* _TASK BRIEF_: Quote all lines below exactly. Images stay out.

* _AVAILABLE DATA_:
════

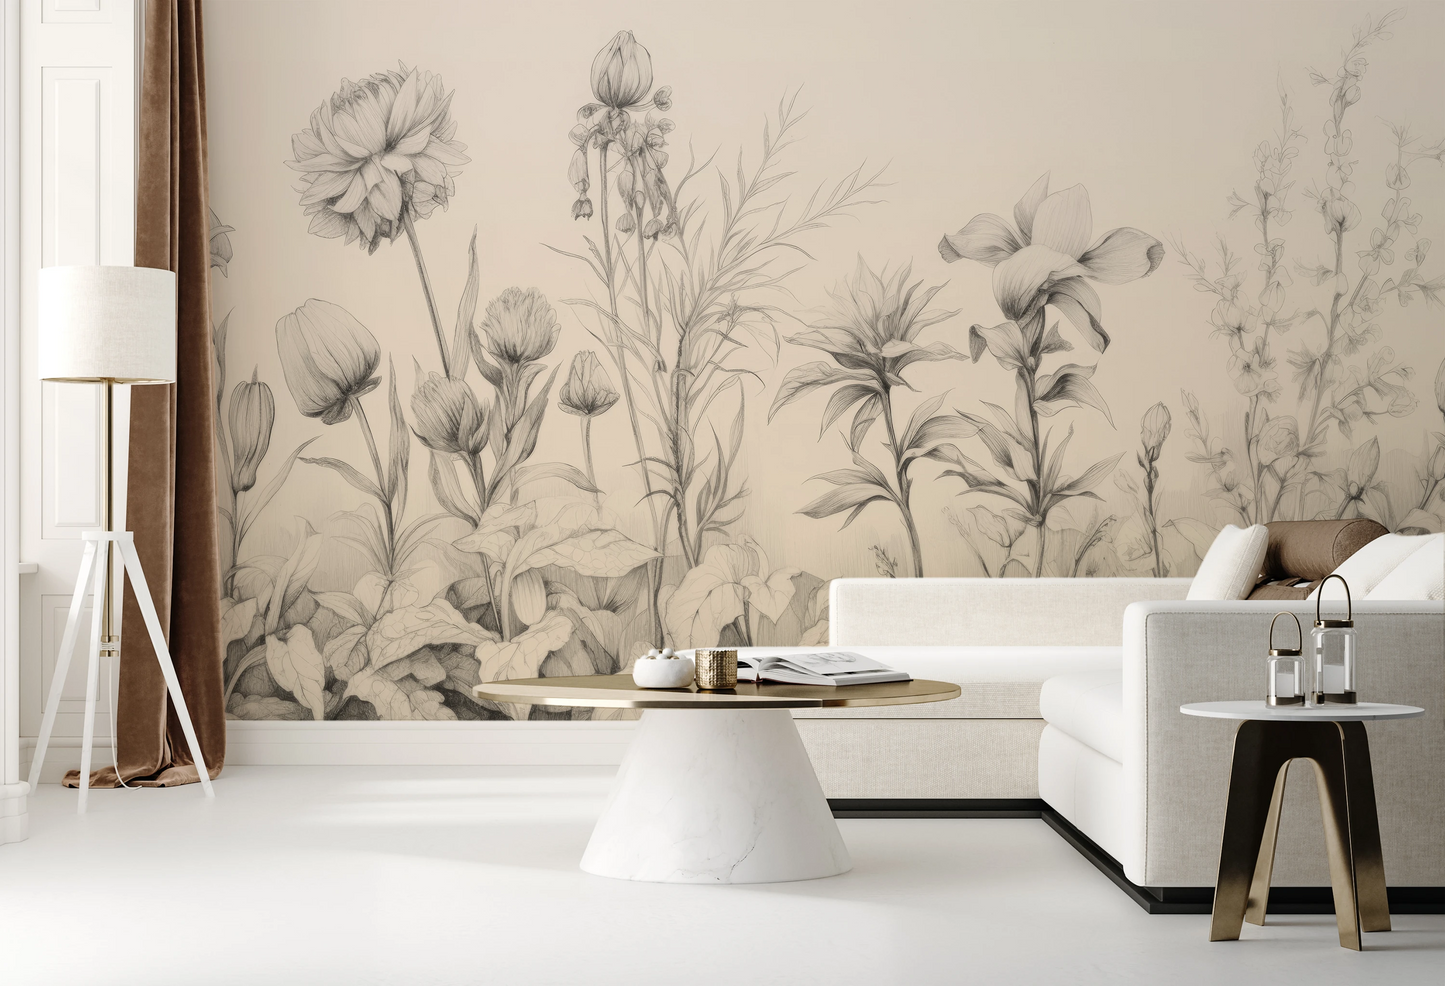 Wzór fototapety o nazwie Floral Tranquility pokazanej w kontekście pomieszczenia.
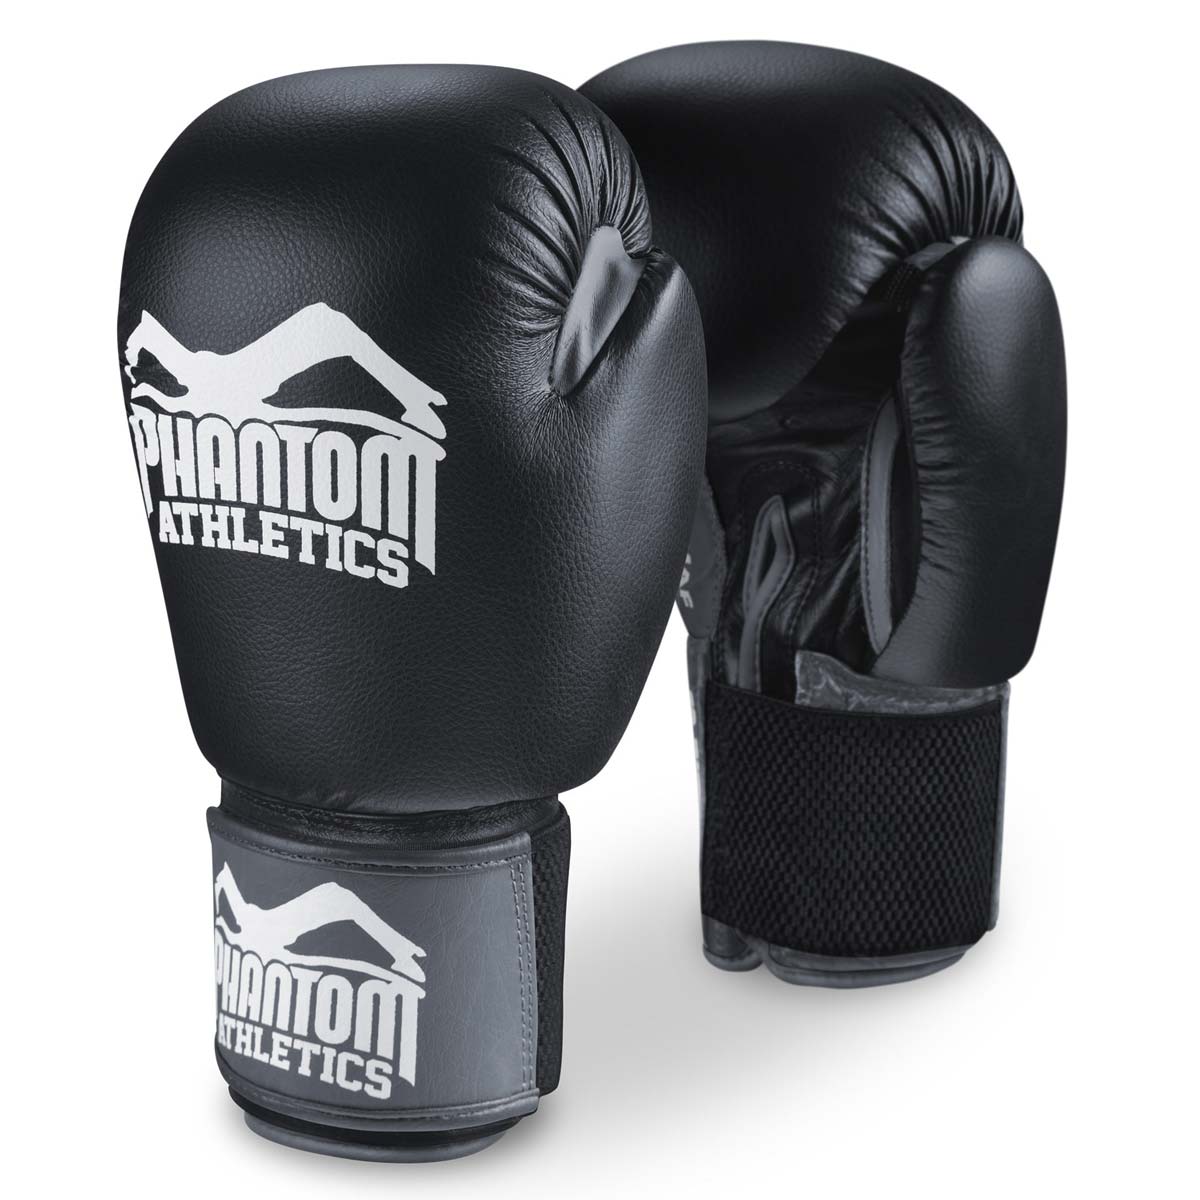 De Phantom Ultra bokshandschoenen voor training, sparring en competitie.
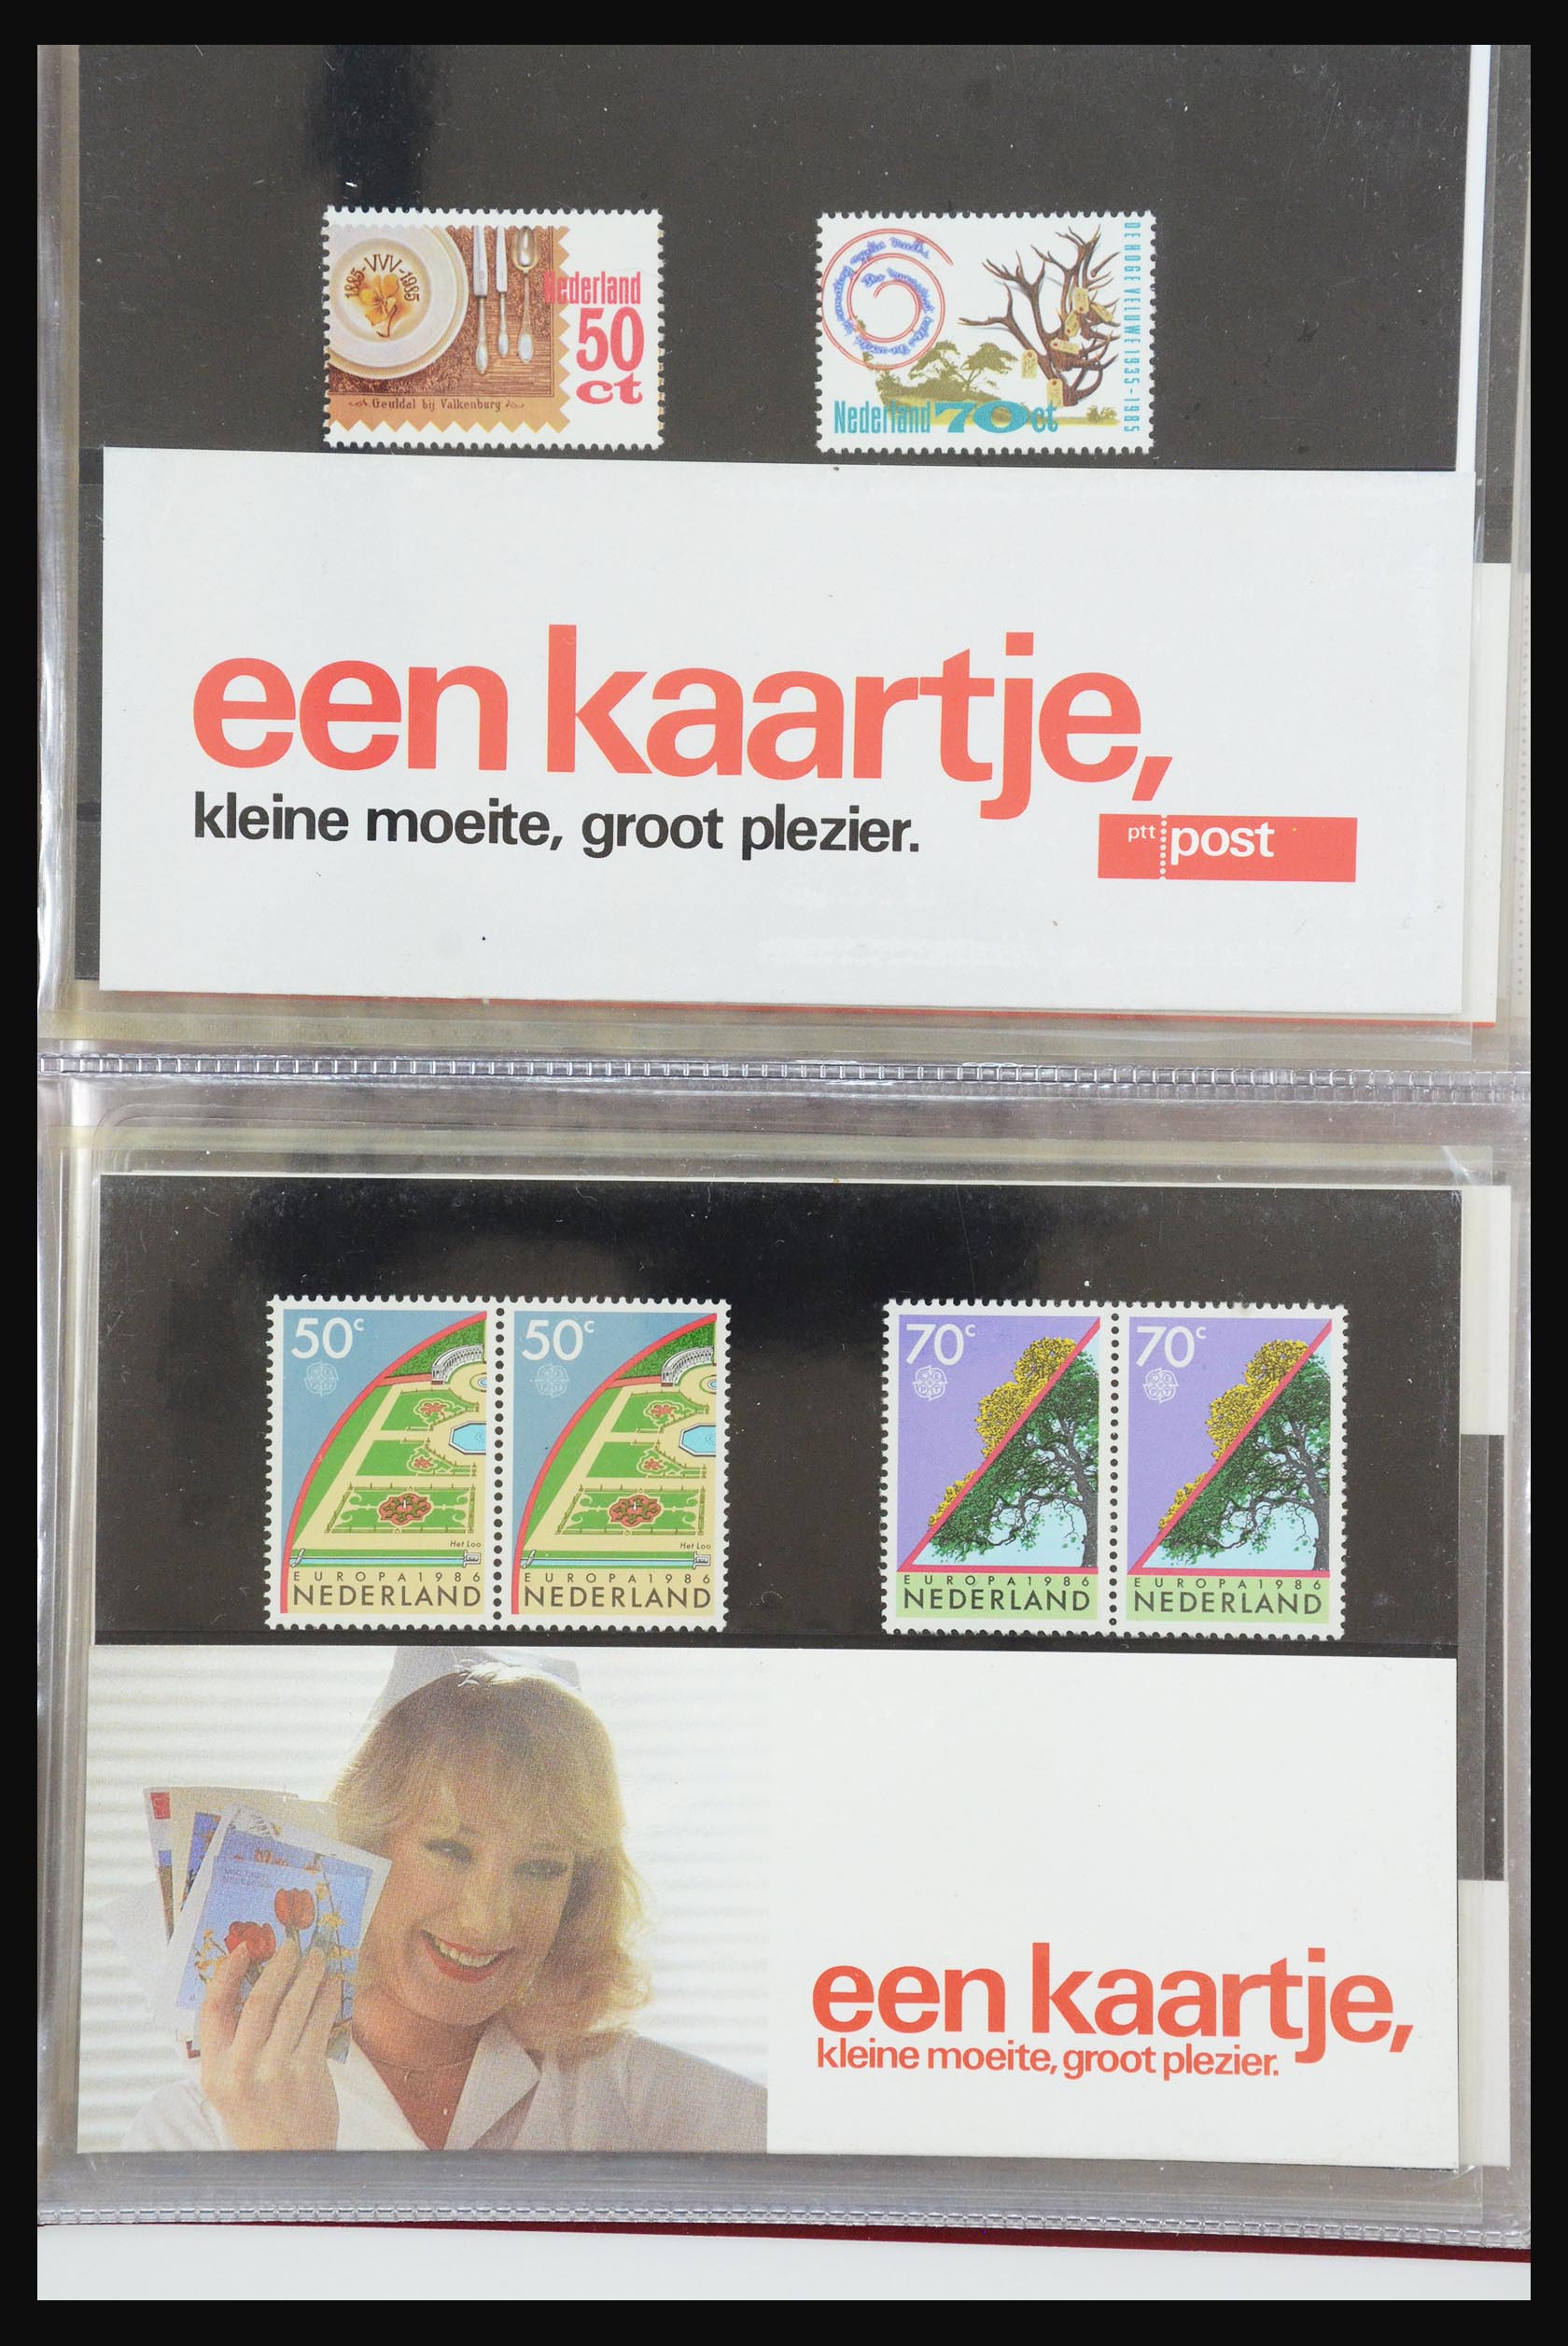 31495 043 - 31495 Netherlands special presentation packs.

════

* _TASK RESULT_:
 Wzór fototapety o nazwie Floral Tranquility pokazanej w kontekście pomieszczenia.
 De Phantom Ultra bokshandschoenen voor training, sparring en competitie.
 31495 043 - 31495 Netherlands special presentation packs.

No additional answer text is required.